**YOUR INSTRUCTIONS**
For this listing, reproduce the line with "Medical gown man, collection", the line with "Renting rooms by the month in Wuppertal", and the lines between, exactly as they stand. Leave out pictures and all other lines.

**DATA FOR ANALYSIS**
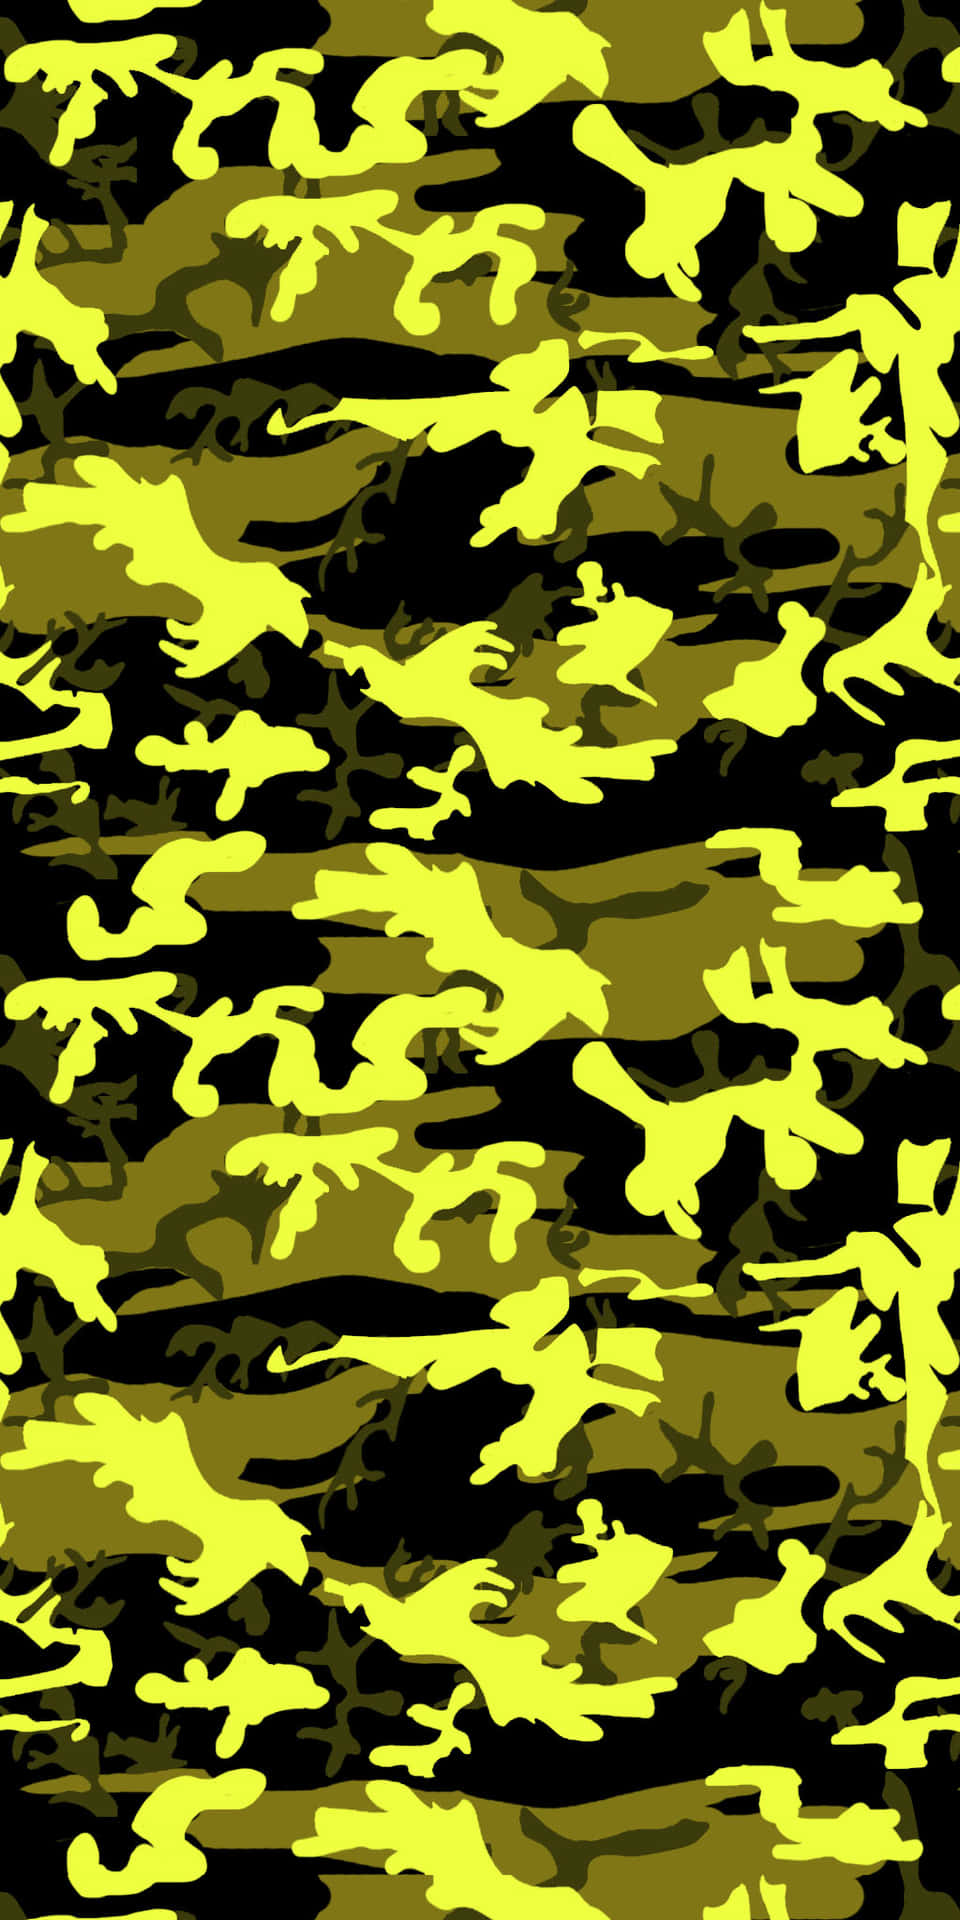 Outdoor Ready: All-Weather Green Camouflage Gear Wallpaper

...

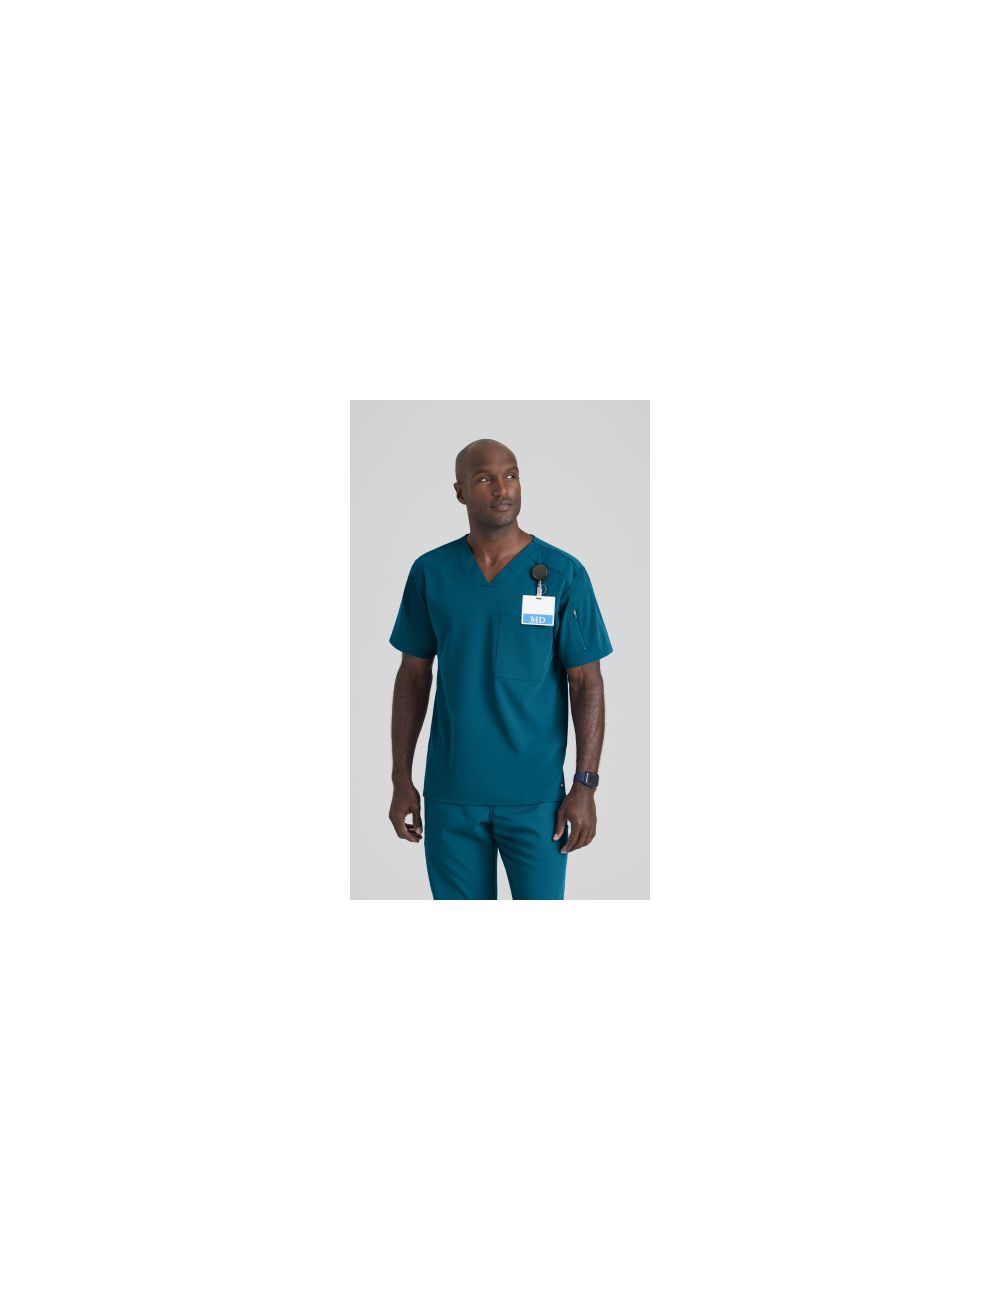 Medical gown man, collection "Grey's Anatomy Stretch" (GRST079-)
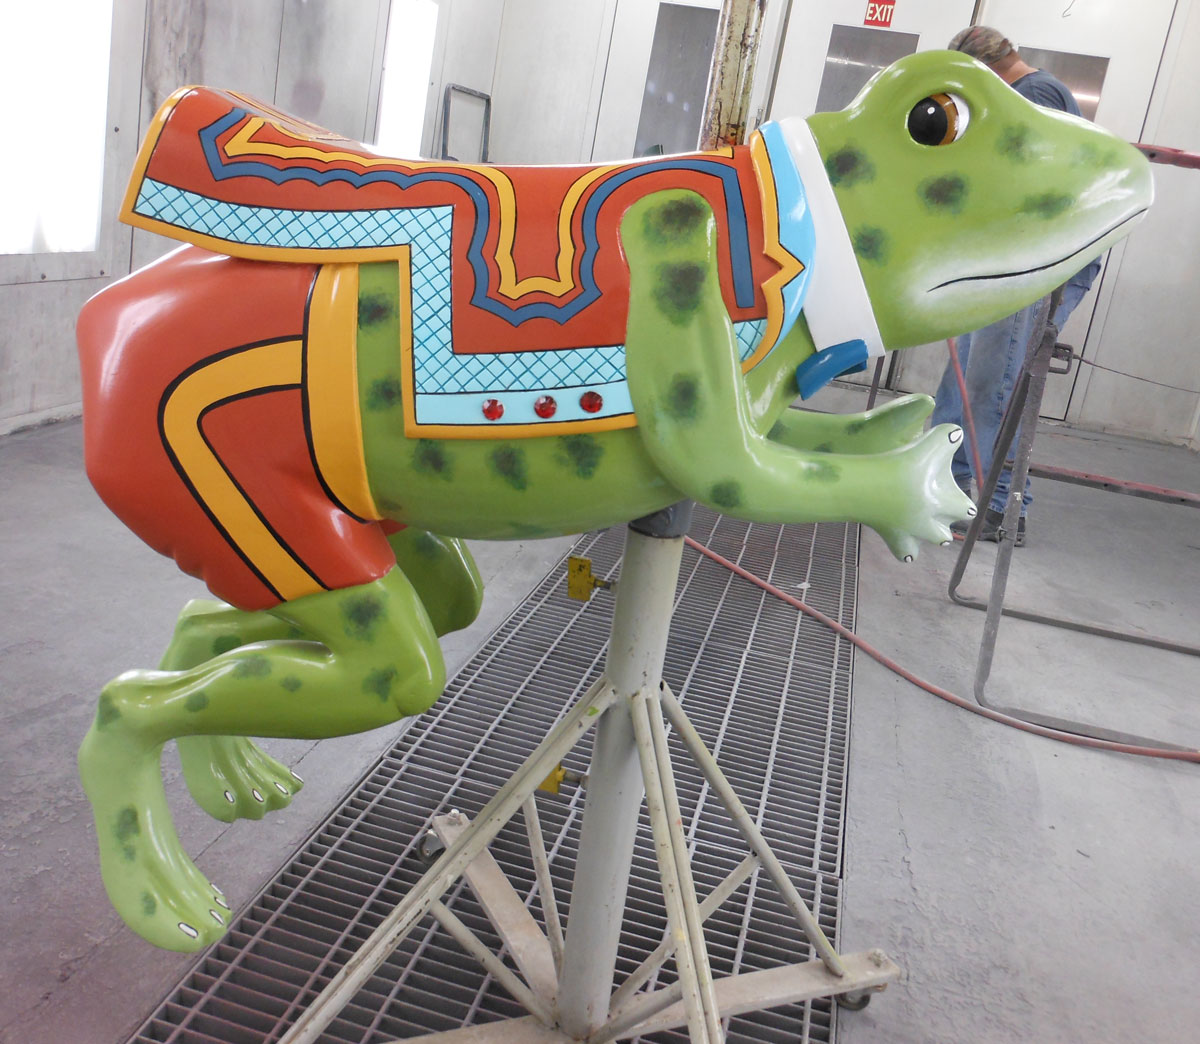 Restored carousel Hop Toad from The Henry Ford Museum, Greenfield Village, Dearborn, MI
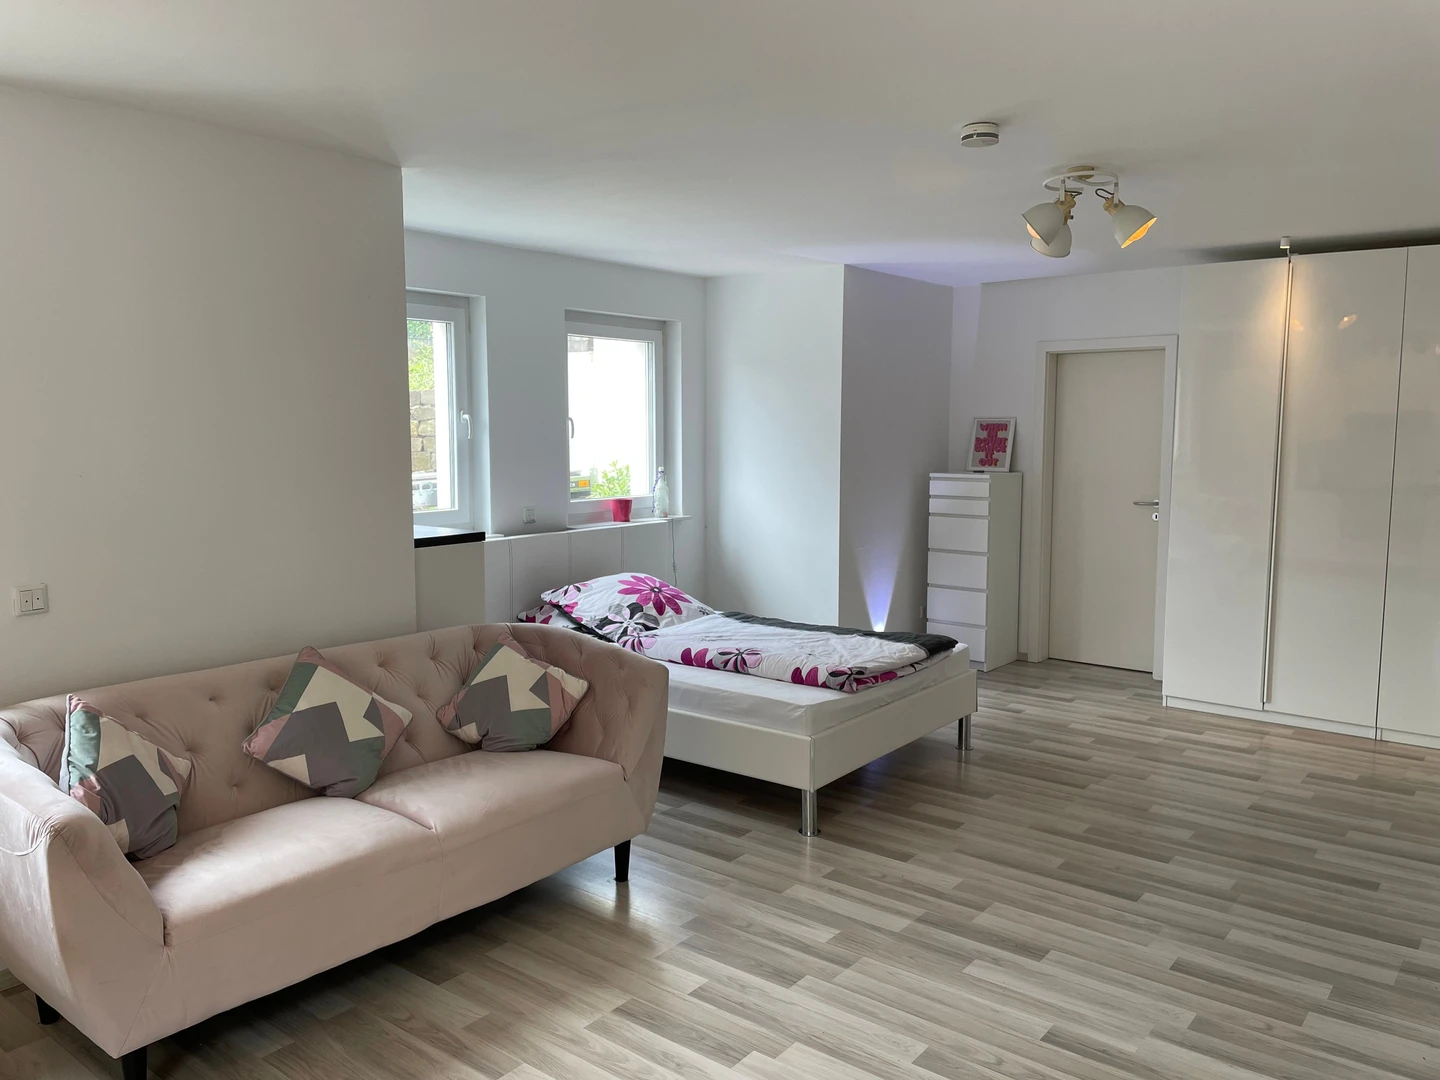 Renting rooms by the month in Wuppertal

**RESPONSE TO THIS TASK**
 Medical gown man, collection "Grey's Anatomy Stretch" (GRST079-)
 Restored carousel Hop Toad from The Henry Ford Museum, Greenfield Village, Dearborn, MI
 Renting rooms by the month in Wuppertal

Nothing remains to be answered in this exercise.